Current implementation mixed everything up so that there is almost no encapsulation. In this patch, all CUDA related operations are put into a new class DeviceRTLTy and only necessary functions are exposed. In addition, all C++ code now conforms with LLVM code standard, keeping those API functions following C style.
First set of comments. We need to split this. I suggested some split points and follow ups.
|21 ↗||(On Diff #256788)|
Split this off, LGTM on this part
I imagine the above is all clang-formated, if so split it off, LGTM on that part. (keep the namsepace as part of the other patch)
I don't know where this should go right now but a global list sounds wrong. Follow up.
The above is defined in a different header. We should not redefine it here but include the appropriate header. Follow up.
These three lines can be removed if you move the getenv stuff into init and call resizeStreamPool there.
Once we have the common header, the StreamManager interface has to go there as well. We need generic functions for stream create/destory and set context can be done via a DeviceDataTy method.
Nit: It or better Entry
(Off topic: Why do we have a table member that needs to be updated when we use it, that seems wrong.)
No braces around return also above.
Style: I'd move the getenv calls into the condition if (const ... = getenv)
Nit: LLVM style "generally" avoids trailing comments. Maybe inline it: , /* EM_CUDA */ 190
Add comments for the constants or define hem as before. /* ThreadNum */ or something is fine.
I like the validation in the user facing functions. Makes the assertion location better too.
Okay, got your point.
This is what it is originally. Basically I didn't change any logic in this patch. From its usage, looks like it is only for storage. Items will only be emplace_back to it and then get the pointer. That's it.
Yes, we can do that.
I don't think so. Now we only know that CUDA has this context thing. We have no idea whether other platforms do. Other things like warp as well.
Yeah, they should be. Will change them correspondingly.
We should only put the most common part into a common header, but it seems that we only have three known common members: FuncGblEntries, NumTeams, and NumThreads.
Correct. Actually I would leave the getenv stuff here because the env has already been determined during the library is initialized. I mean, the global variable is constructed.
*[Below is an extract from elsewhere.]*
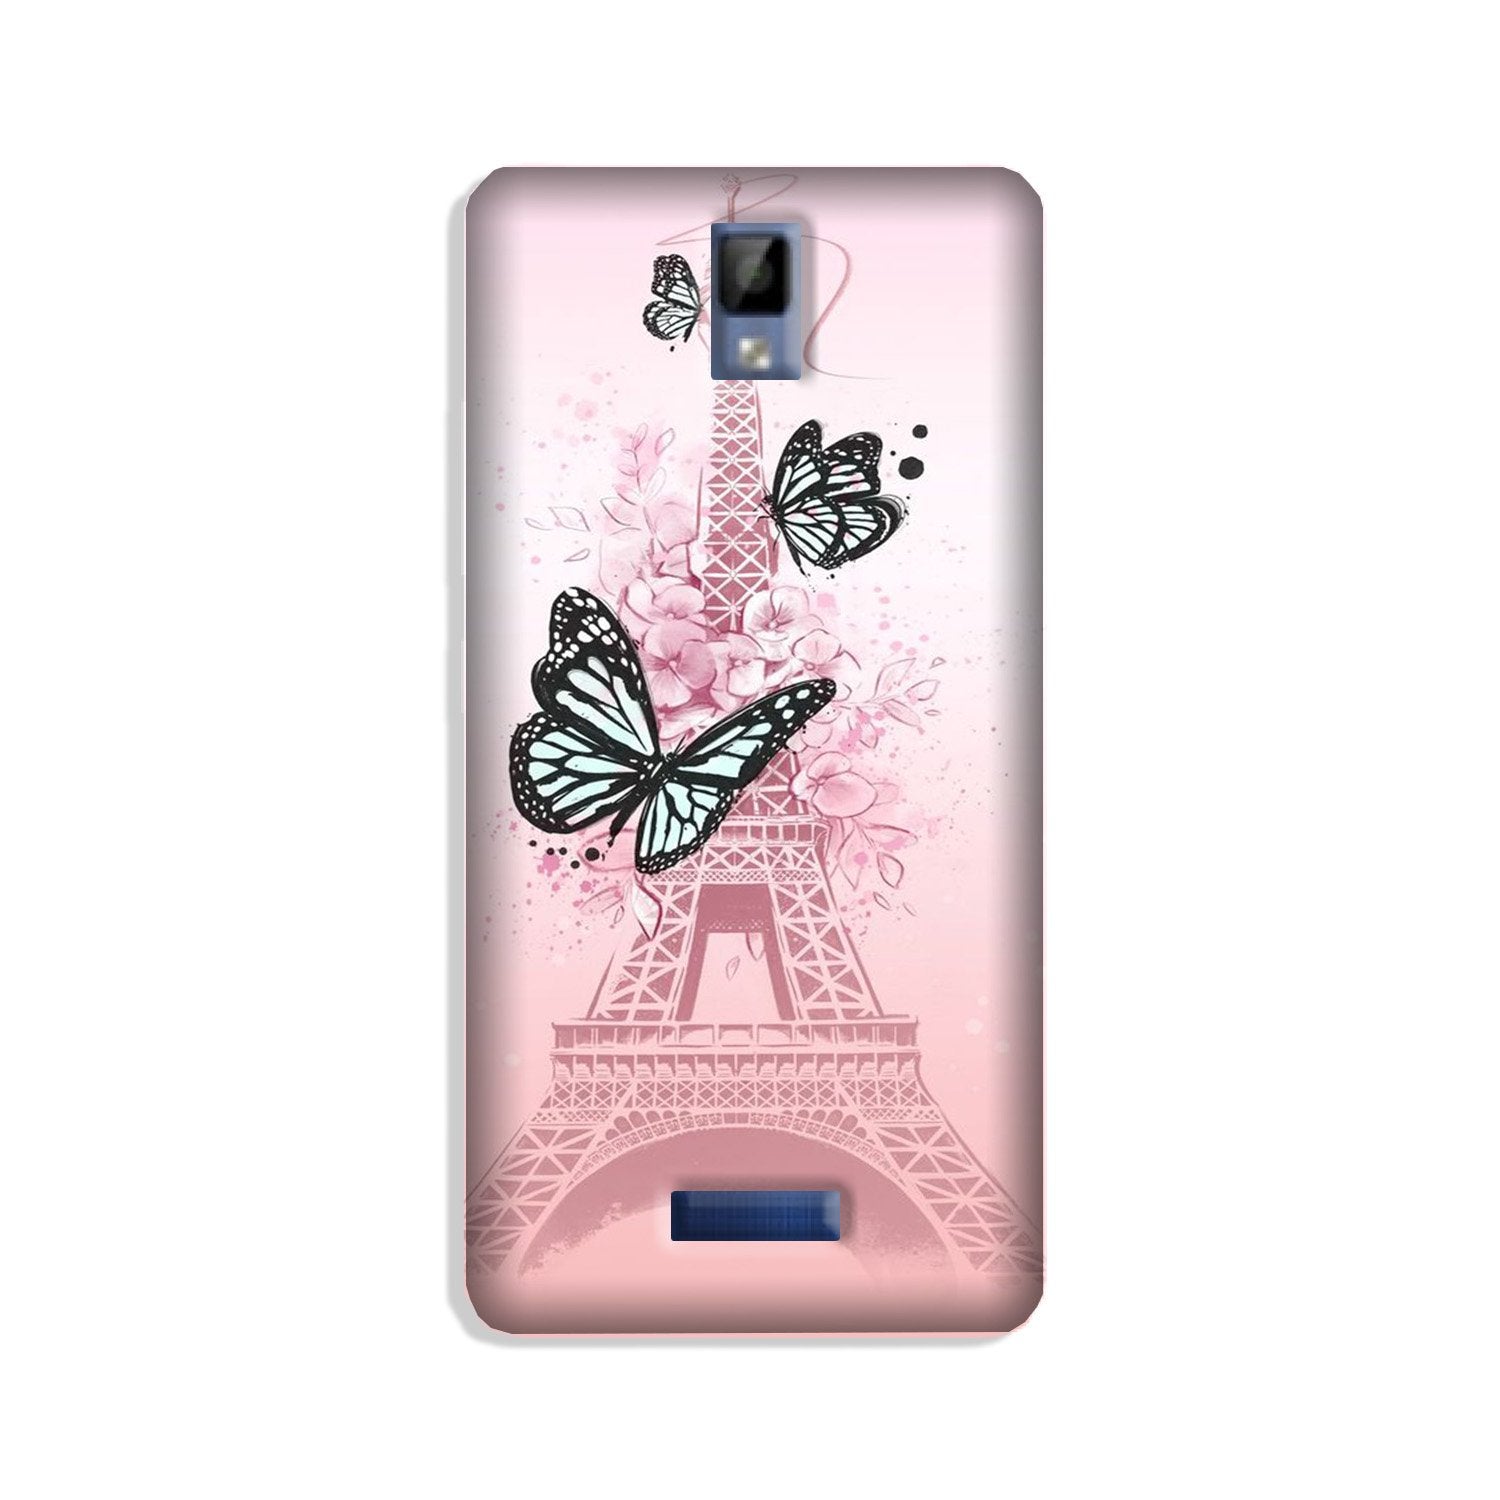 Eiffel Tower Case for Gionee P7 (Design No. 211)
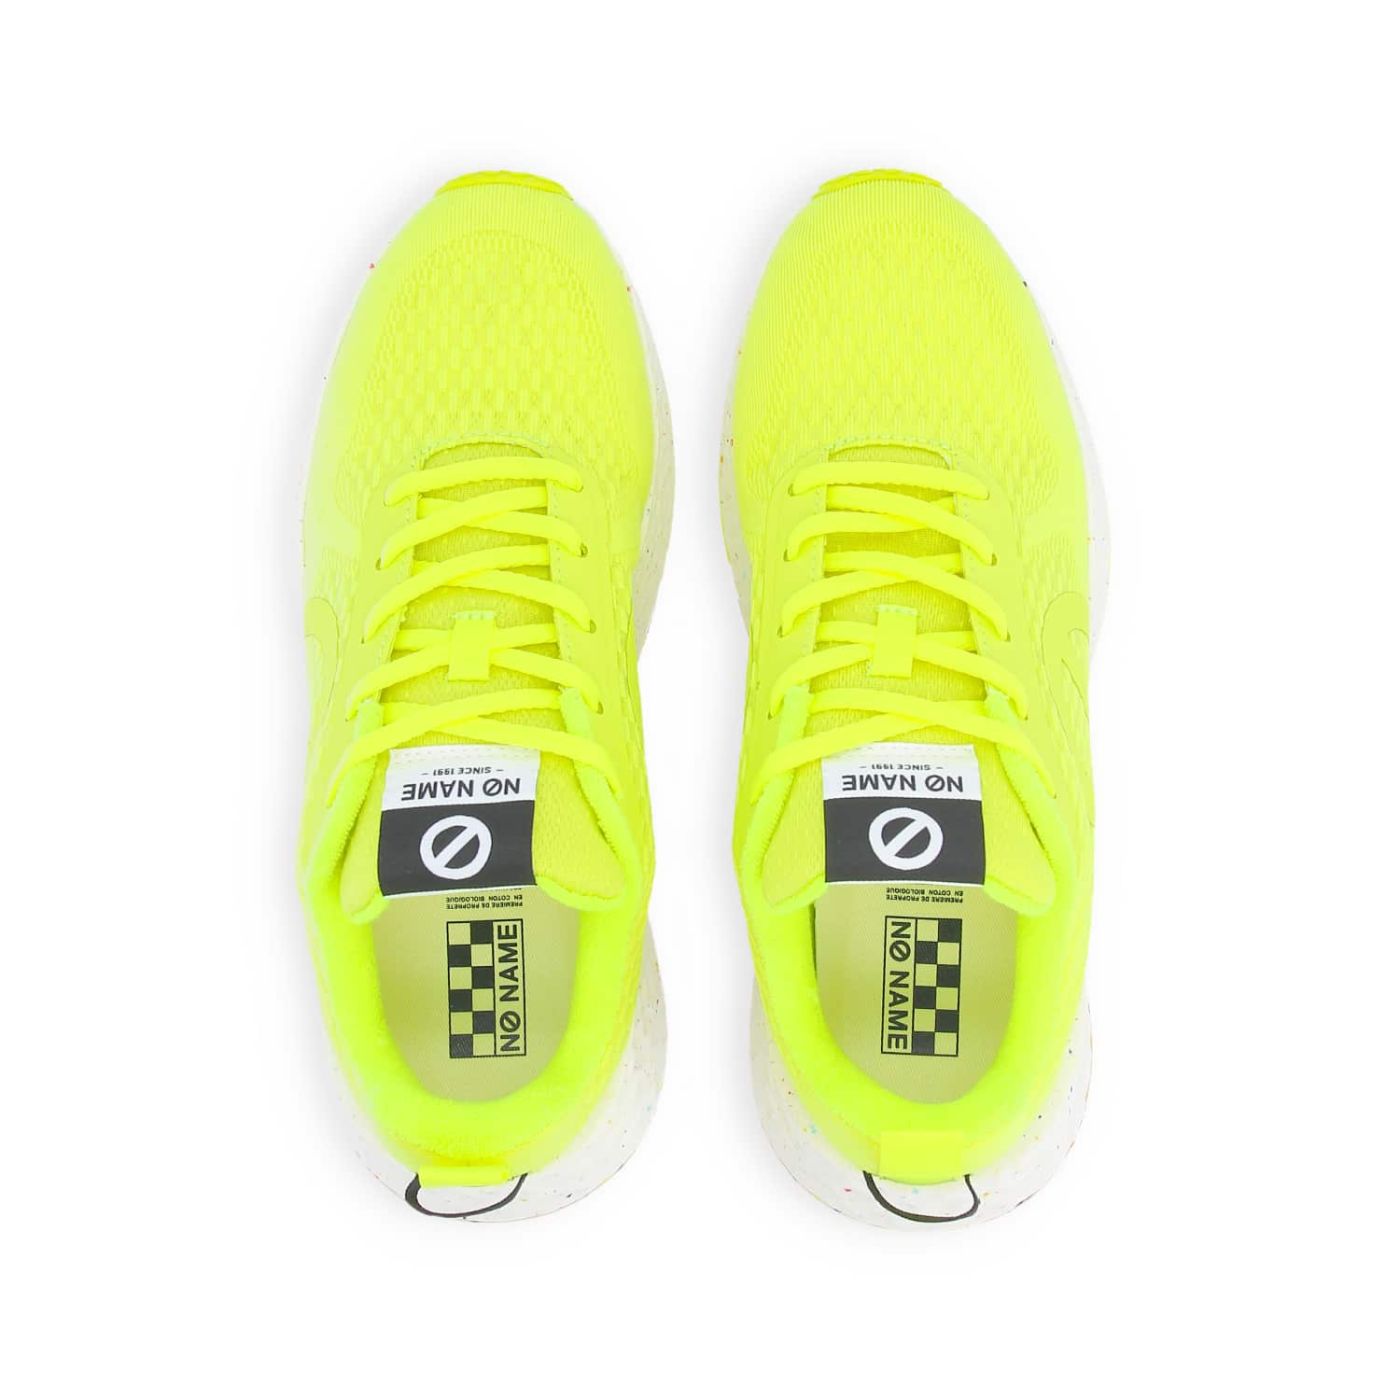 CARTER FLY MEN - MESH RECYCLED - FLUO YELLOW

Well, that is what it is. We could probably think how to improve it later.
But here EnvStr are used twice...You would like to have two local variables? :-)
You mean take the validation from isValidDeviceId to this function?
I figured it was not you, just that it seems weird. I should have made that clearer.
If we need a "common/gpu" header we can do that as well. AMD will at least look similar enough to reuse the same code. They have some "context" even if it is a class we define in the AMD headers. You can even go as far and make
common/Device.h with the entries you mentioned and then common/GPUDevice.h with the template class template<typename CtxTy> GPUDeviceDataTy : public DeviceDataTy.
If you do what I described the lifetime is limited to the conditional. There will be two variables, distinct but with the same name. That is for different reasons preferable, e.g., the variable is not available outside the conditional and it is not reused. Overall it is less complex.
I mean it is good to have the asserts here as that is where user provide input which we can validate. I'd leave it as it is in this version.
I assume you tested this locally and it works as expected? If so, I think we can go ahead. One comment to address now below.
We check already in resizeStreamPool. Just return if it worked or not there.
You can make checkResult variadic in a separate commit to reuse it here. It could even be a macro if that makes it easier.
Actually the failure in resizeStreamPool will not impact its return. Those checks would only print out some messages but not aborting the program. Actually, I'm very not sure whether we need to abort the whole program as long as one CUDA operation returns error. From my point of view, I think we should. WDYT?
Actually I'm thinking to improve it. Will do in another patch.